Can We Test It? Yes We Can

Hopefully as developers who practice more-or-less test driven development, the excuse that “this code isn’t really testable” should always be challenged these days – indeed, one definition of “legacy code” is “code without test cases”. But what about the non-executable artefacts of a component? There’s usually more than just a binary file involved in deploying a service: for example, a service might transform documents using XSLT, invoke an internal scripting engine, or have a configuration file generated by some templating framework. Can we automate checking on these additional pieces of the jigsaw to reduce the risk of launching broken deployments?

Our microservices are implemented as Dropwizard applications. The configuration and dependency injection comes from a YAML file that is read on startup. Our projects typically contain 3 slightly different copies of the file: one for local development, one for component testing, and one (templated) for deployment.

Did you notice a smell there? It’s not DRY (I like the antonym WET – “We Enjoy Typing”, or “Write Everything Twice”), and from time to time – even with peer review – we’ve all made the mistake of adding new keys to the two “fixed” copies of the file and forgetting to make the corresponding changes in the template file. Guess what? The templated version is never exercised by the developer or by the build process, so we don’t spot errors until deployment time: it’s hardly fail-fast.

Test your cookie cutter as well as your cookie dough (image credit: fdecomite, used under a CC licence)

Recently I’ve been involved in implementing a new microservice for our publish notifications feed, and I’ve taken the opportunity to DRY this out and ensure the template file is tested. The solution is to treat the configuration file in just the same way as an executable artefact: use an appropriate test harness to validate it during the build process.
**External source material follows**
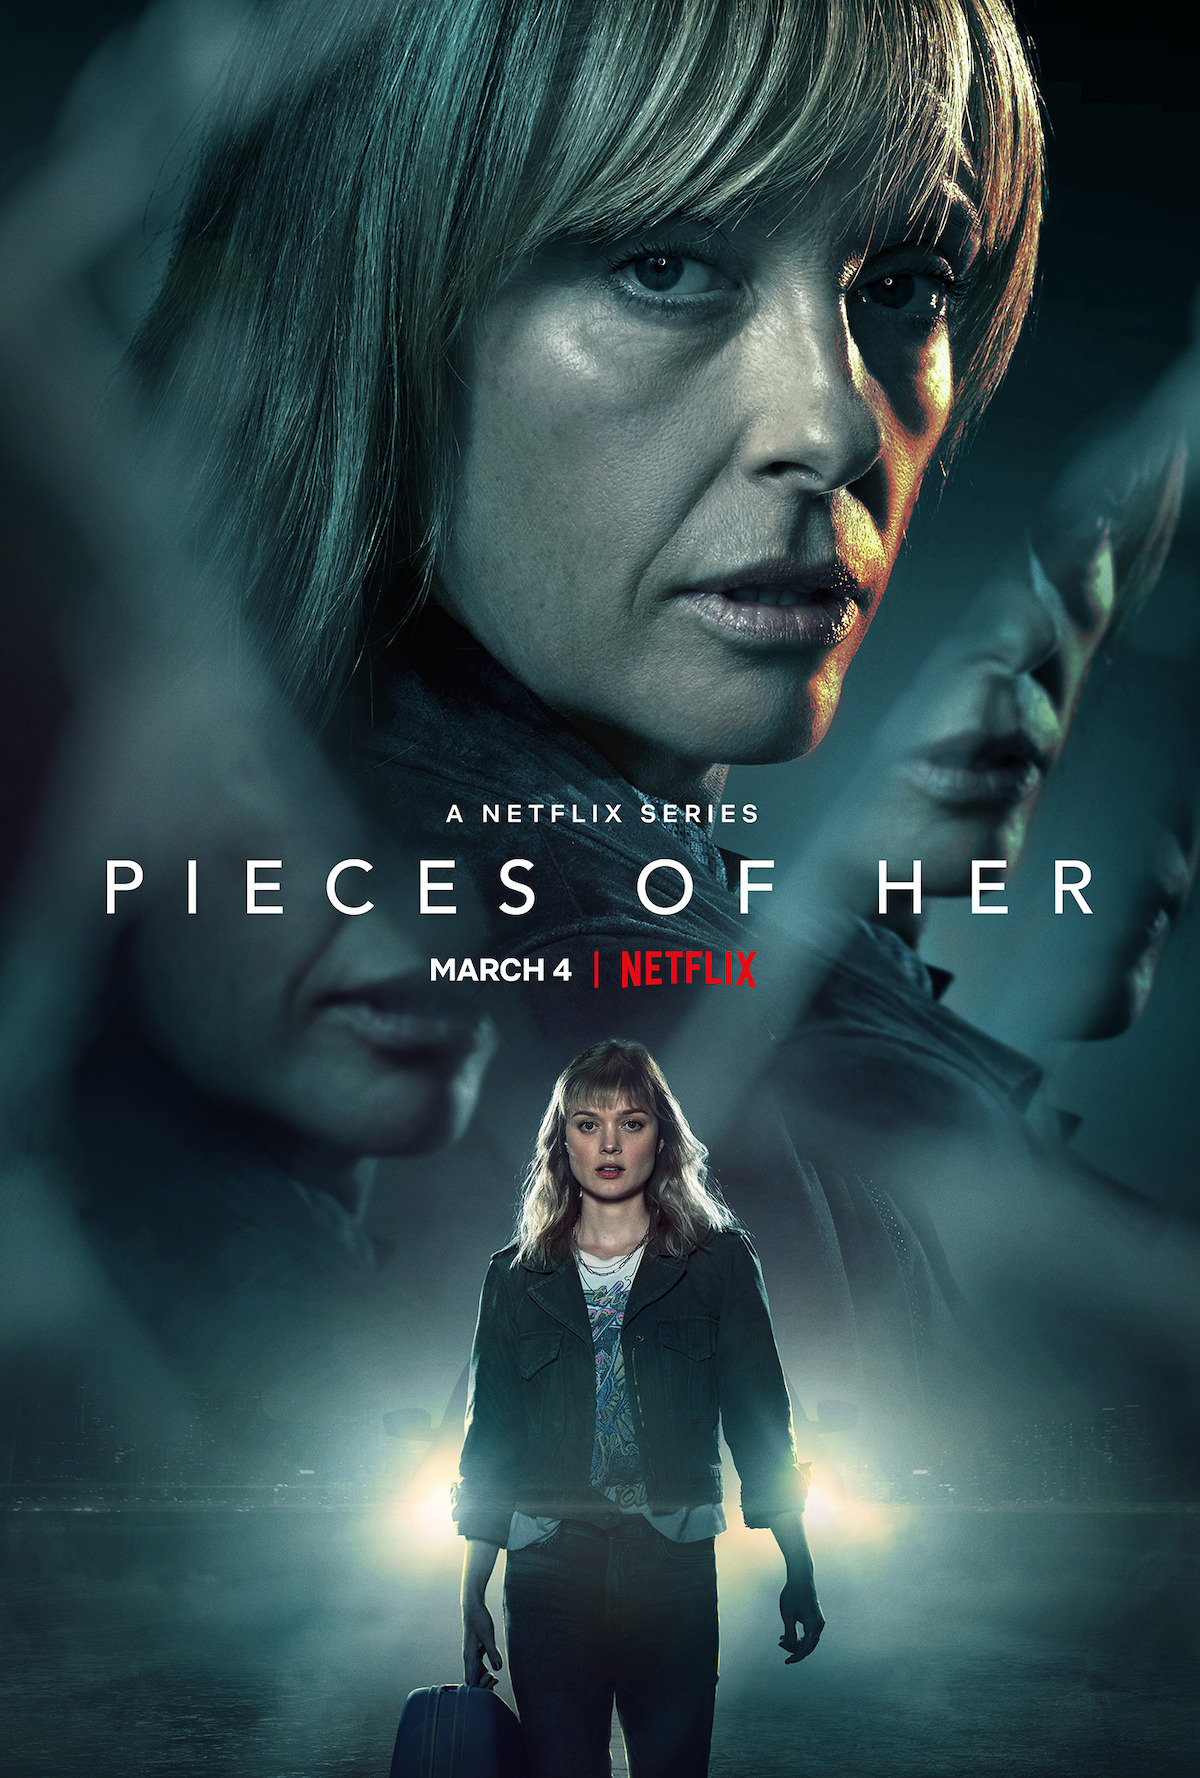 Pieces of Her release date, Cast, plot, trailer for Netflix thriller

In the actual deployment process, the template is processed by a Puppet module, with values coming from a Hiera database. It’s always a worthy ambition to make lower environments as production-like as possible, so why not generate the YAML file by applying local or test case parameters to the template? This fixes the problem of maintaining independent copies of the file, ensures the template itself passes through testing as a natural part of the build process, and makes the environment-specific differences more explicit and easier to validate and visually scan.

Mocking up Puppet and Hiera sounds like a big deal, but in fact almost everything we need to process an ERB template in the Java world comes bundled in JRuby. Our use of the templating is quite simple – there are a couple of variations but essentially it’s things like:

addresses:<%=scope.function_hiera('mongoNodes','"["localhost:27017"]"')%>

All we need do is inject a fake object called scope, that can respond appropriately to function_hiera calls and backed by an in-memory map of key-value pairs, into the templating engine, which is then called with a minimal Ruby script to render the YAML.

require 'erb'
ERB.new(File.read('config.yml.erb')).result(binding)

We don’t have a test case solely to check the template, but as our component tests make use of Dropwizard’s support for JUnit rules to start the application with test config, it’s easy to use the template to generate the config for that test case as part of the process.

@ClassRule
public static final DropwizardAppRule<NotificationStoreConfiguration> appRule = new DropwizardAppRule<>(NotificationRWApplication.class, CONFIG_FILE);

As long as the file is generated before this line is executed, we’re fine – a class initializer block solves this quite nicely. Another bonus is that it becomes easy to generate multiple different configurations if needed for different scenarios. Now, the component tests won’t pass unless the combination of template and test data produce a valid configuration file.

As an aside, we’re always experimenting and so some of our services have Mustache templates for the YAML file instead. No problem: rinse and repeat with JMustache.